The quotations may not be totally accurate but the tone and spirit are:

Yesterday I was yelling at one of my classes for being inattentive, and broke out one of the old standards: “If you guys get bad grades, that’s fine by me because I already passed APUSH.” Granted, it wasn’t called APUSH back then, it was APAH, but that’s not the point.

One of the little angels made the mistake of saying what he was thinking: “Yeah, but did you get an IB diploma?” If you know IB kids, you already know the tone he used. He probably didn’t mean to use that tone, but it got away from him too fast.

The good news is I managed to respond without vaporizing his face with my heat vision. It was something along these lines:

“No, I didn’t get an IB diploma. But my diploma– the one I earned from Stanton at age 16 after getting fives on all my AP exams except Portfolio– got me into an out-of-state school absolutely free of charge and helped me graduate with honors at 20 with zero debt. So I’m not too broken up about not doing IB.”

Some of the kids applauded, probably sarcastically. I wasn’t in the mood and told them to shut up. I am very proud of my high school record but I really don’t like to flaunt it, unless some brat shoots his mouth off and desperately needs correction.

Maybe I misinterpreted the whole thing and the kid was genuinely curious. If so, he had horrible, horrible timing.

My day off.

My day off included…

  • arriving at work at seven to write instructions for the sub, print class rosters, and make enough copies of the classwork; and
  • creating replacement ballots for nominations for the homecoming court; and
  • making appointments to discuss extended essays with the IB seniors; and
  • attending an eight o’clock meeting about the soccer team; and
  • going to the dentist for a deep cleaning (there wasn’t that much blood); and
  • returning to work by eleven thirty so I could tell the GOPO class that I moved the test date; and
  • giving six makeup tests; and
  • looking all over campus for the sixteen faculty and staff members who hadn’t cast a vote for this year’s Teacher of the Year; and
  • tabulating said ballots and passing the results to the administrators; and
  • emptying and moving a filing cabinet to another classroom; and
  • rearranging the closet in my classroom; and
  • grading homework, scanning scantrons, entering grades into the computer; and
  • holding a Chess Club meeting until 4:15.
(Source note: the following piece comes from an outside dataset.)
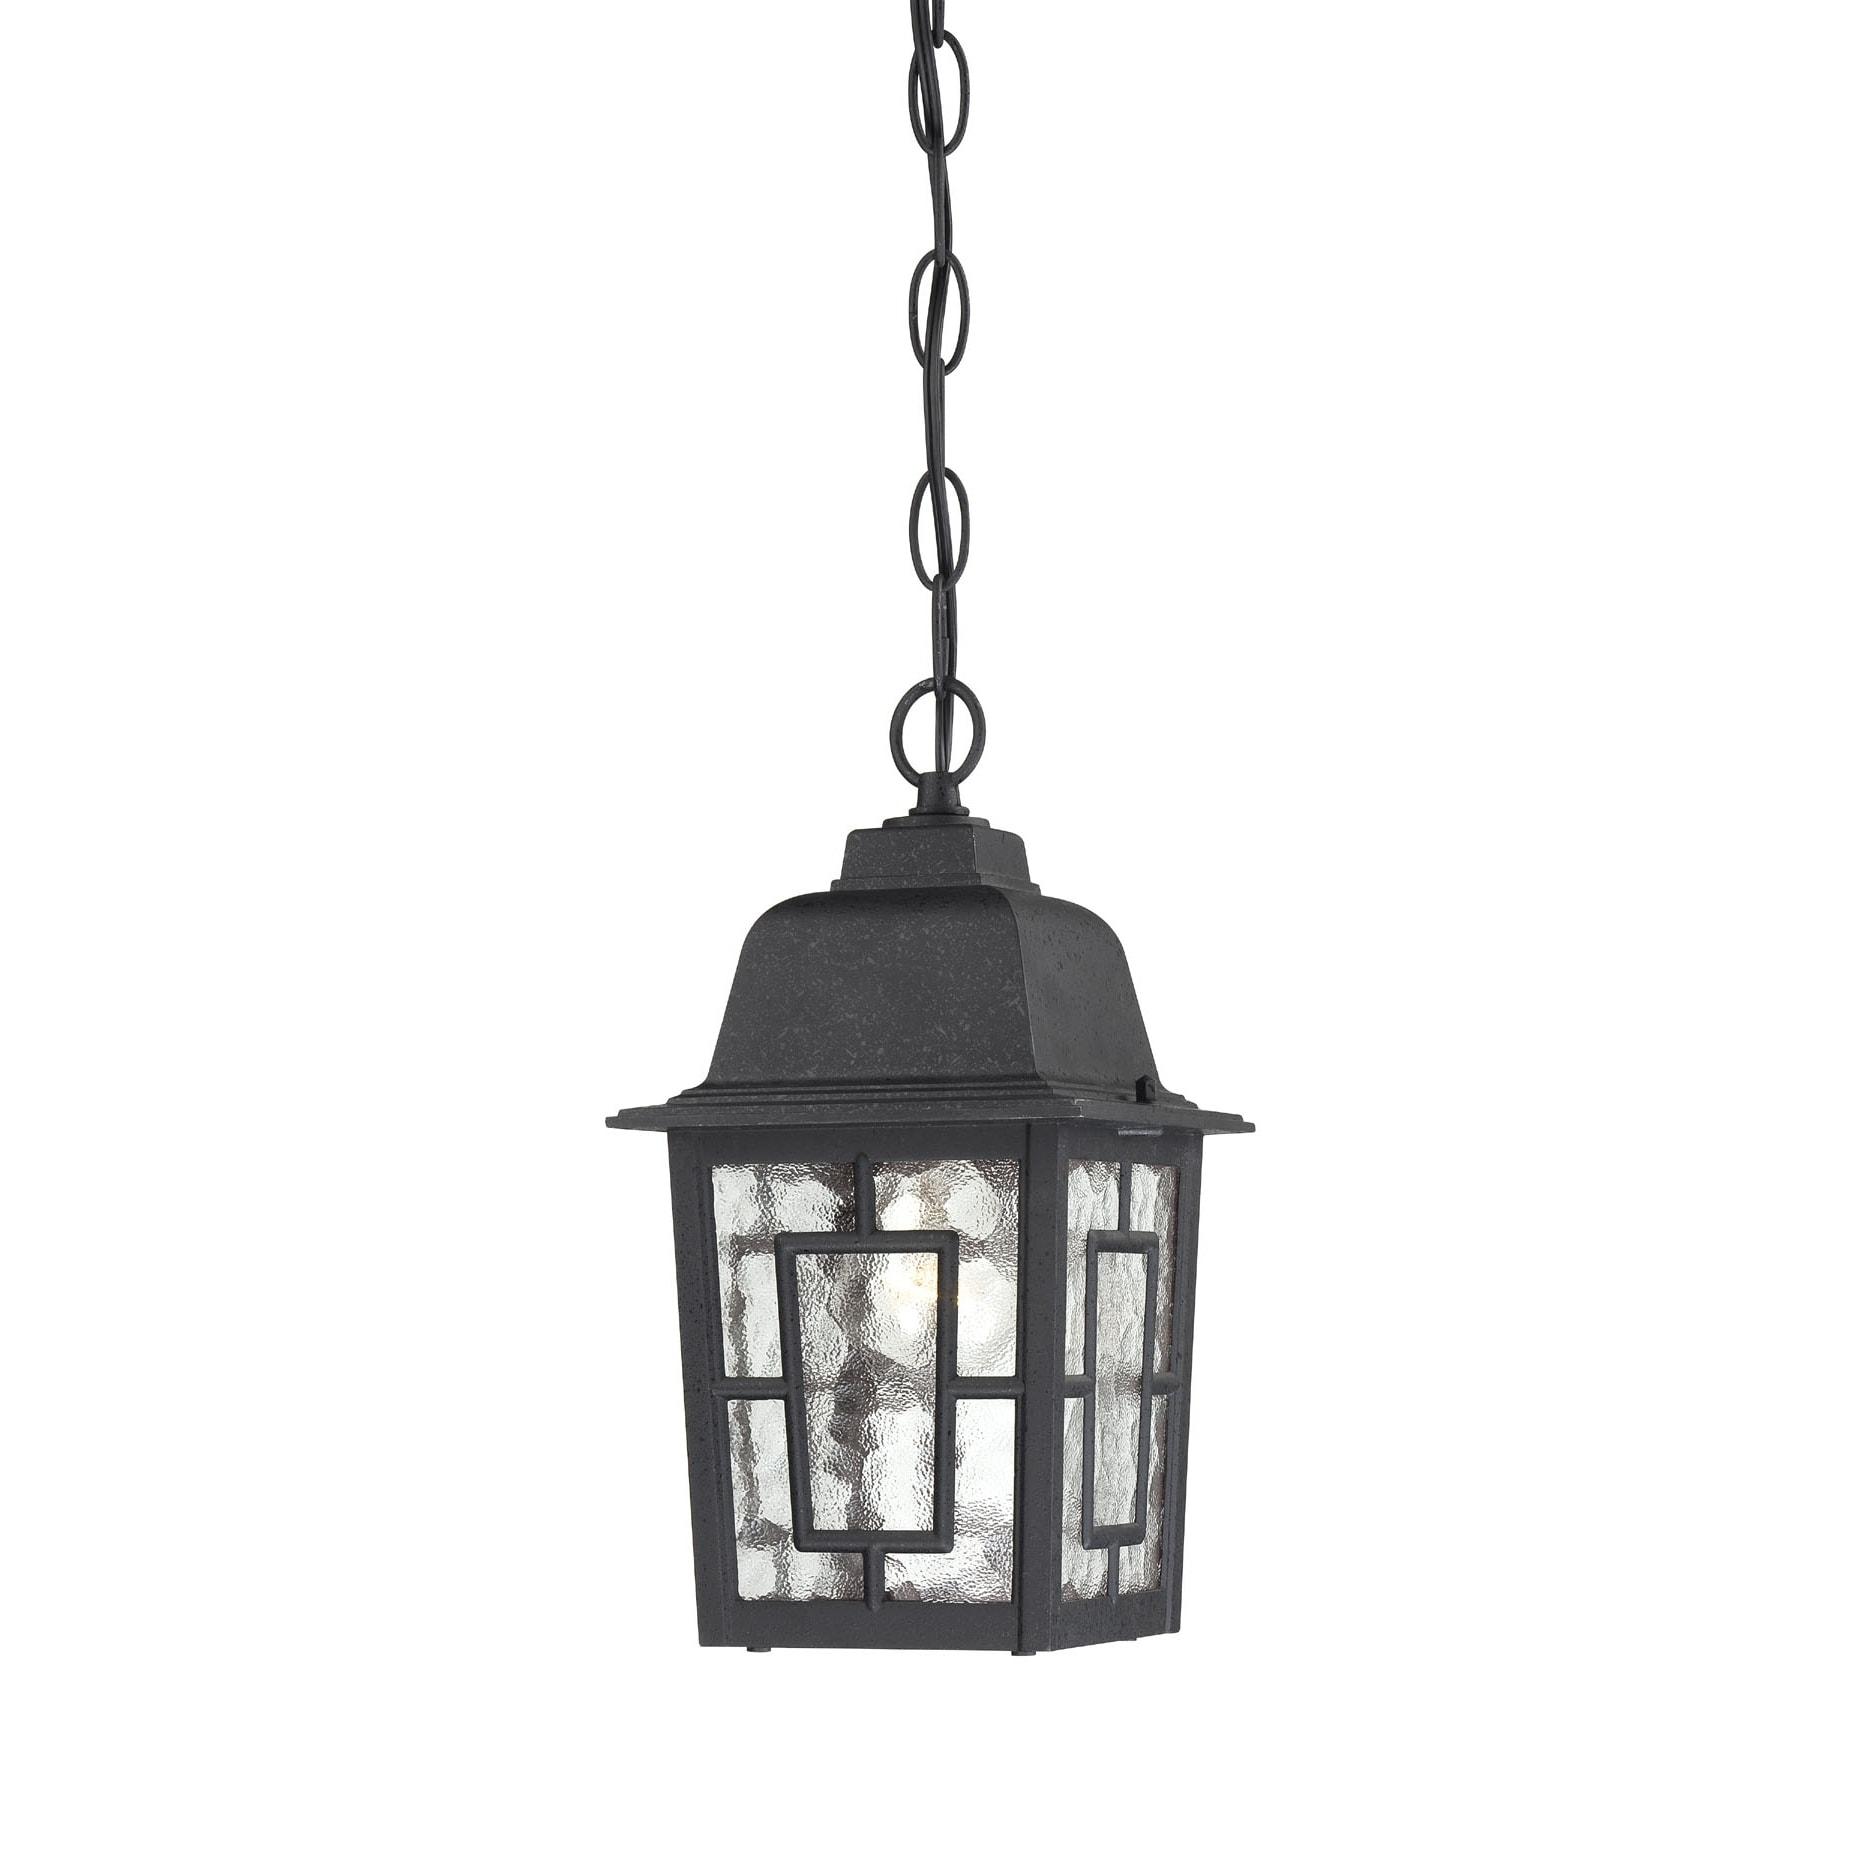 Nuvo Banyon 1-light Textured Black 11-inch Hanging Fixture

But I did not spend even one second worrying about proper punctuation in lists. No way– not on my day off.

I also ate an 18-ounce ribeye, medium rare.

Micronap.

Yesterday, while doing extensive research on napping, I read about the “one-second nap.” It has been attributed to Robert Louis Stevenson, Thomas Alva Edison, and Salvador Wilberforce Dalí, among others. I figured that since they were famous, I should listen to them.

I found a loose key and a dinner plate. I put the plate on the floor next to my armchair and sat down. The chair is, if I’m not mistaken, something like 70 years old, but it’s still just comfy enough to fall asleep in. I held the key in my hand– not too tightly– and positioned it above the plate. I flipped on the TV and tried to relax. You don’t have to watch the tube; you could just as easily listen to some music, or watch the clouds drift by, or watch fish do fish things.

After a few minutes, I felt a little bit groggy, my eyelids felt a little bit heavy…

…and I must’ve started to drift off…

…and then my grip on the key relaxed a little and then

CLANG-CLADADDLE-addle! Wide awake.

Now, a key clattering against a plate isn’t that loud, but it is alarming. That’s rather the point. I was refreshed and alert, as much as if I’d awakened from a much longer nap. Apparently, it’s because of all sorts of sciencey stuff having to do with the interruption of the descent into sleep. It was a 30-minute “power nap” crammed into just a few seconds.

A bit more reading revealed that the aforementioned gentlemen found that the process somehow allowed them to tap their “superconscious” and thus become more creative. I cannot report any semblance of heightened consciousness or any increase in creativity, so Lord-only-knows what else they were doing before they nodded off to their split seconds of sleep.

Tomorrow is the last day I have my own designated parking spot at work, unless I join the administration or become a designated visitor.